The task: Since the copy must hold text only, transcribe the data below exactly and omit the images.

Supplied information:
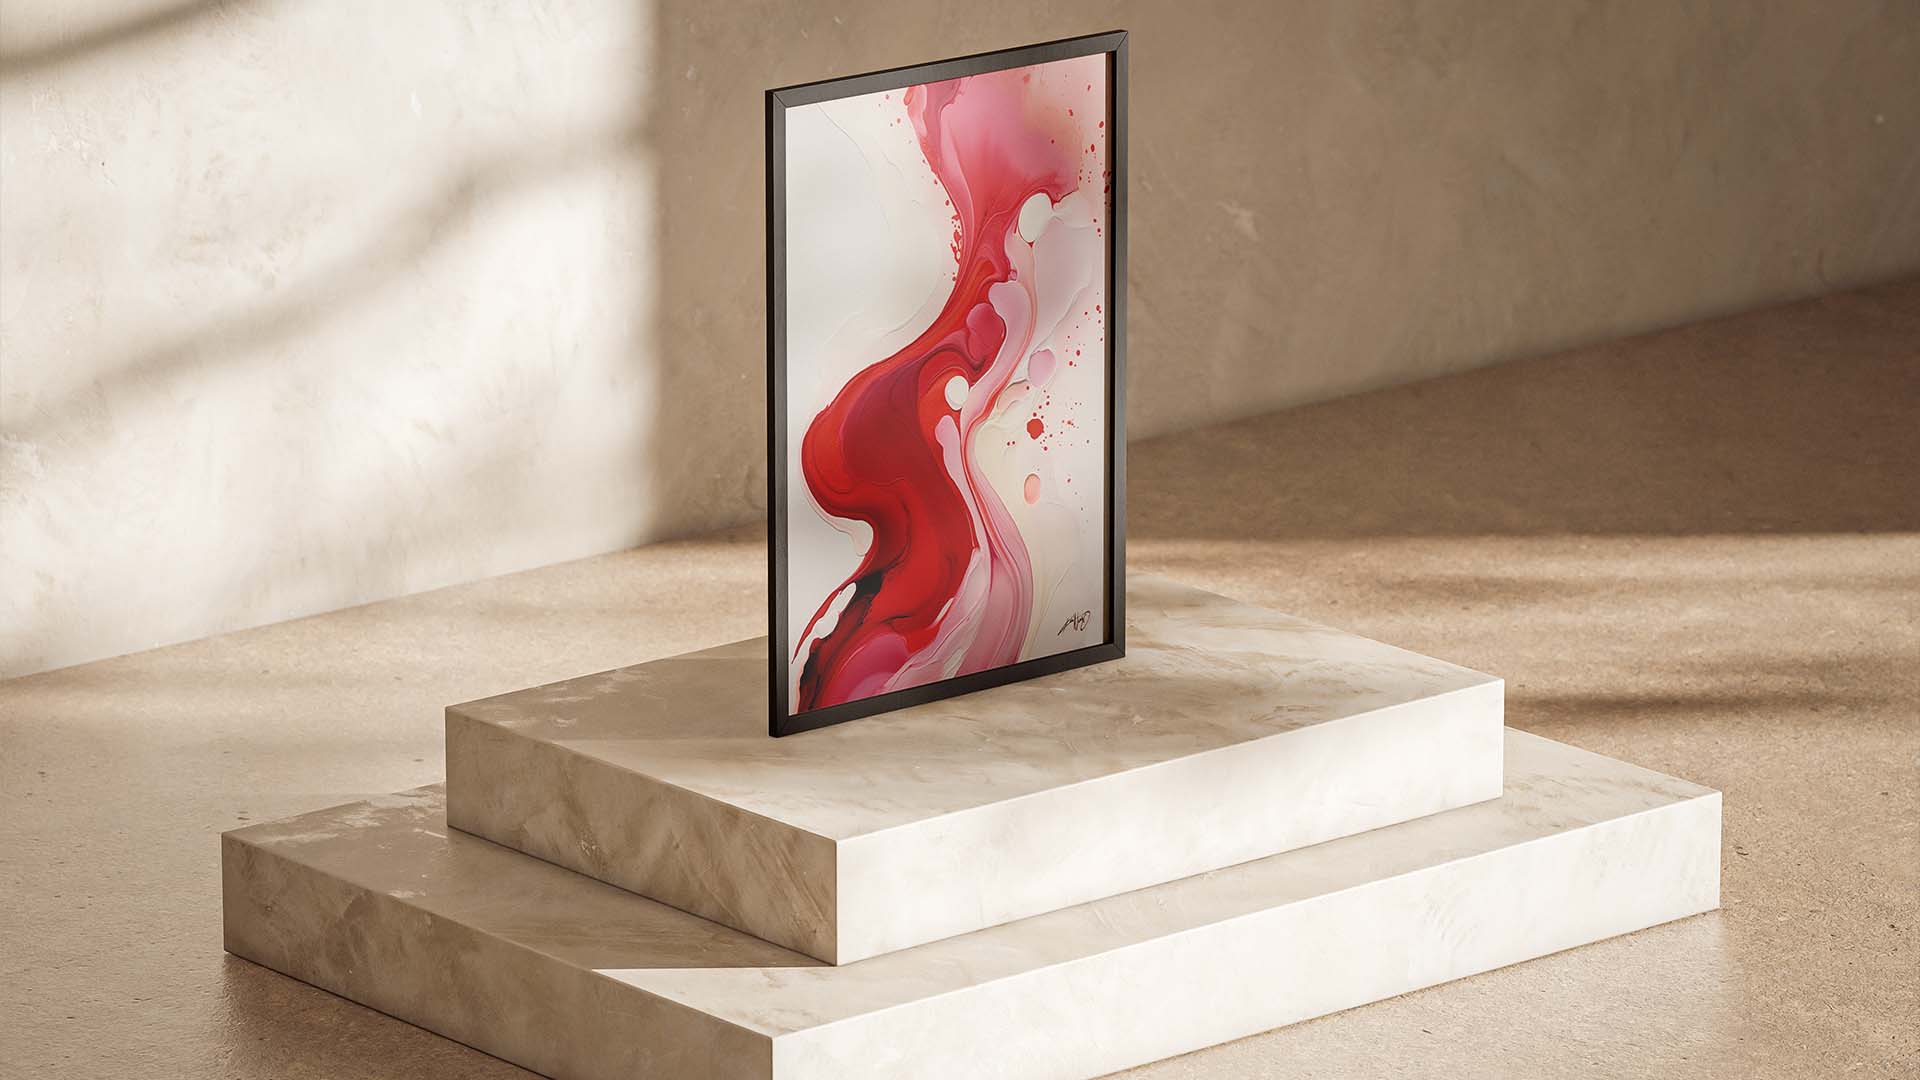 Red and pink abstract painting of fluids in a black frame, standing on concrete stairs.
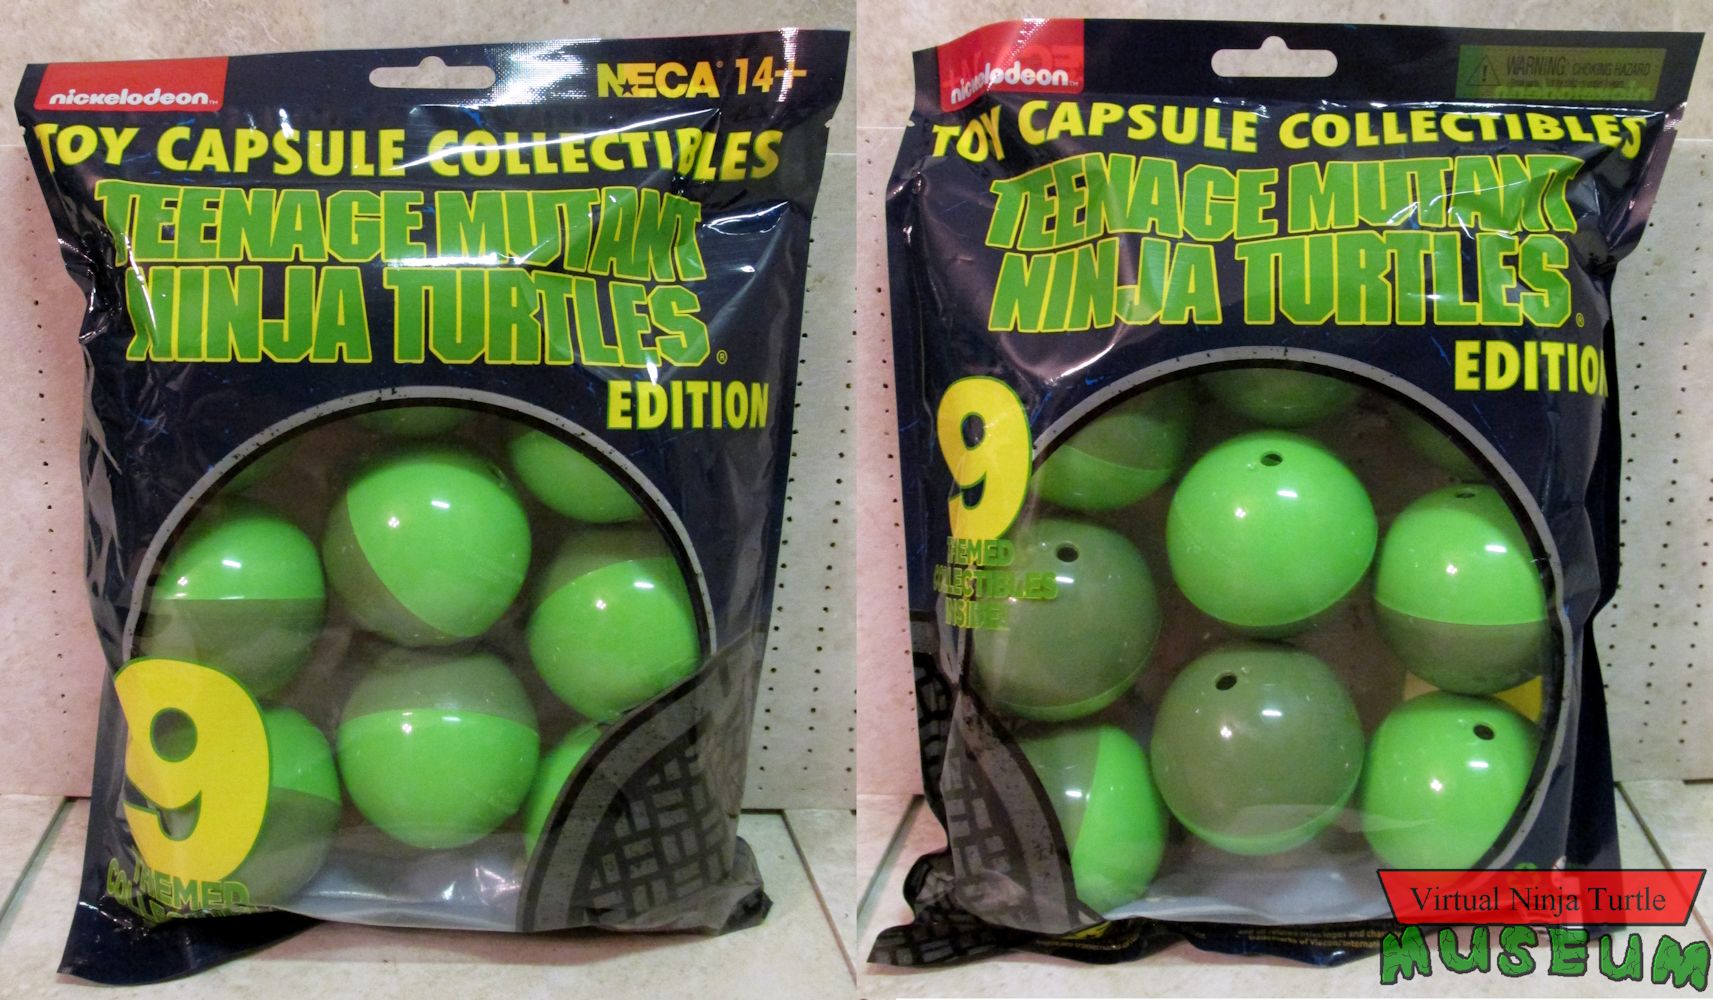 packaging front and rear
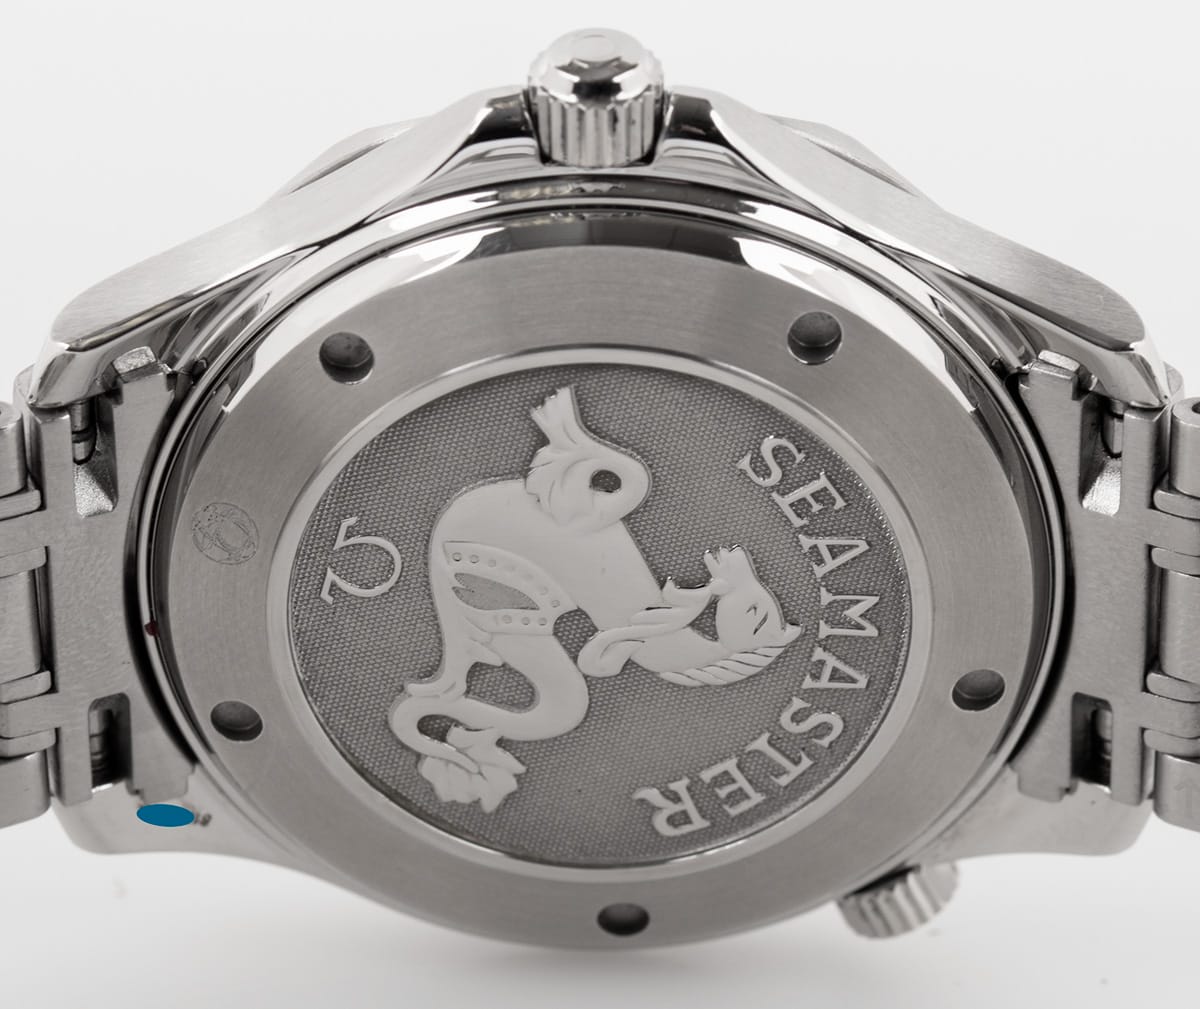 Caseback of Seamaster Professional Co-Axial
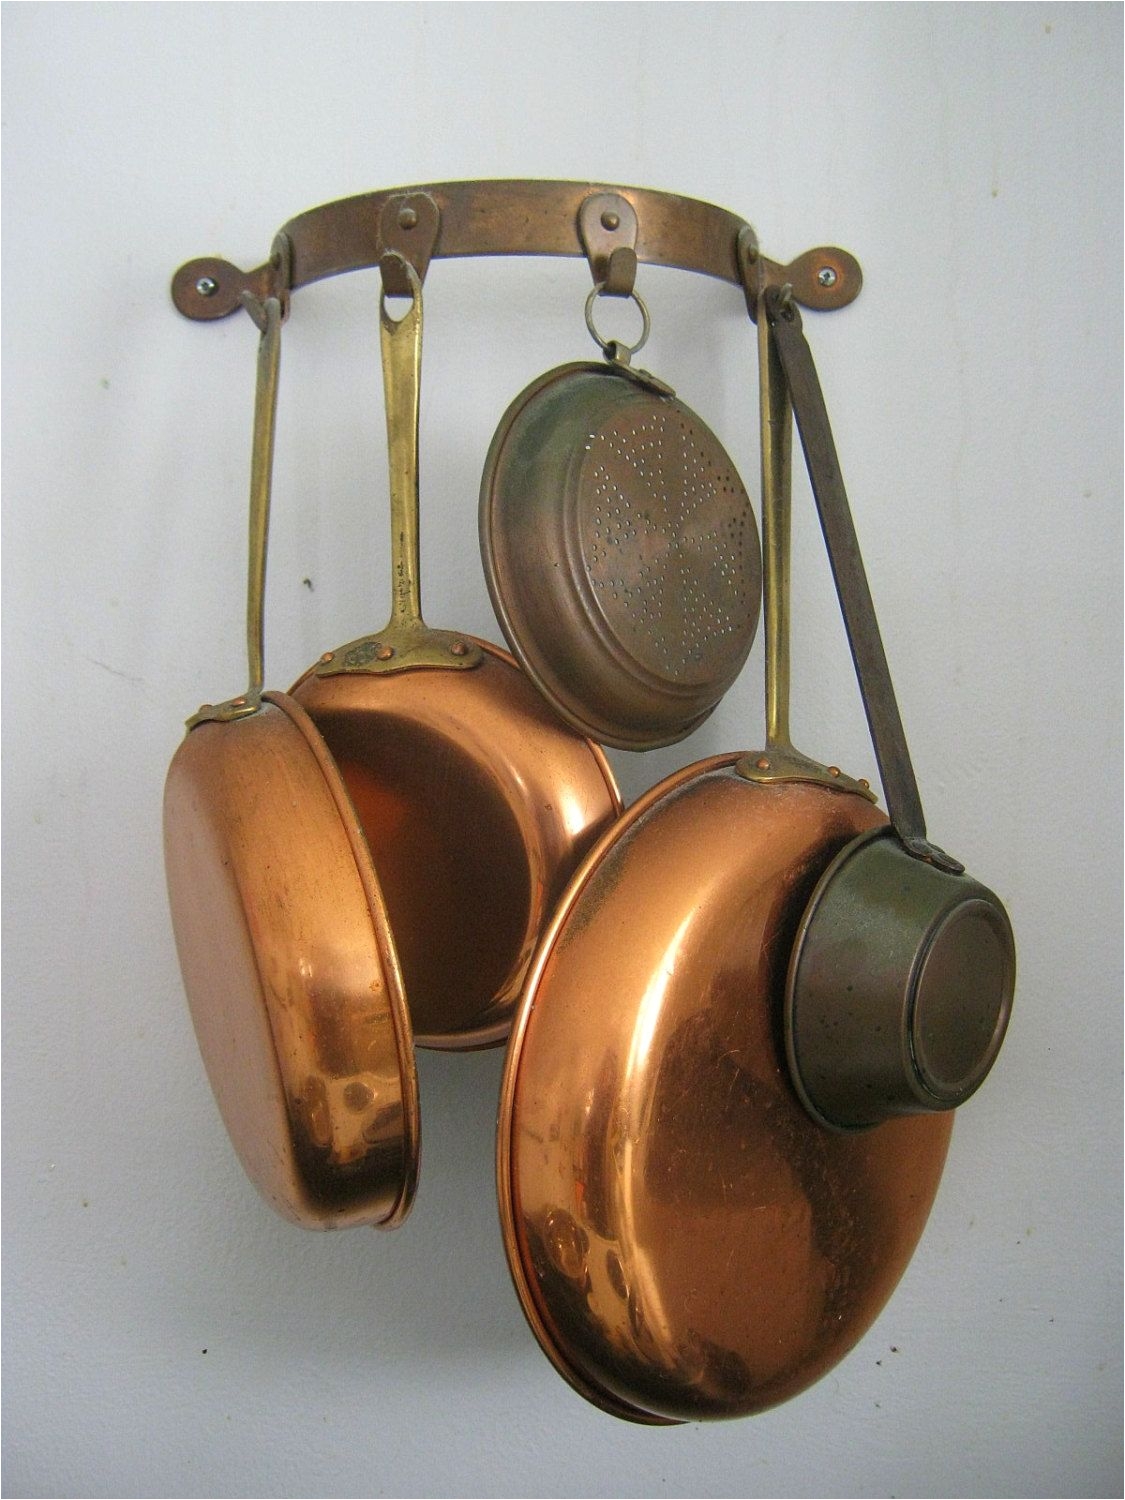 How to Clean Decorative Copper Pots Vintage Copper Pot Rack This is A Half Moon Style Designed to Hang

Written reply:
 Red and pink abstract painting of fluids in a black frame, standing on concrete stairs.
 packaging front and rear
 Caseback of Seamaster Professional Co-Axial
 How to Clean Decorative Copper Pots Vintage Copper Pot Rack This is A Half Moon Style Designed to Hang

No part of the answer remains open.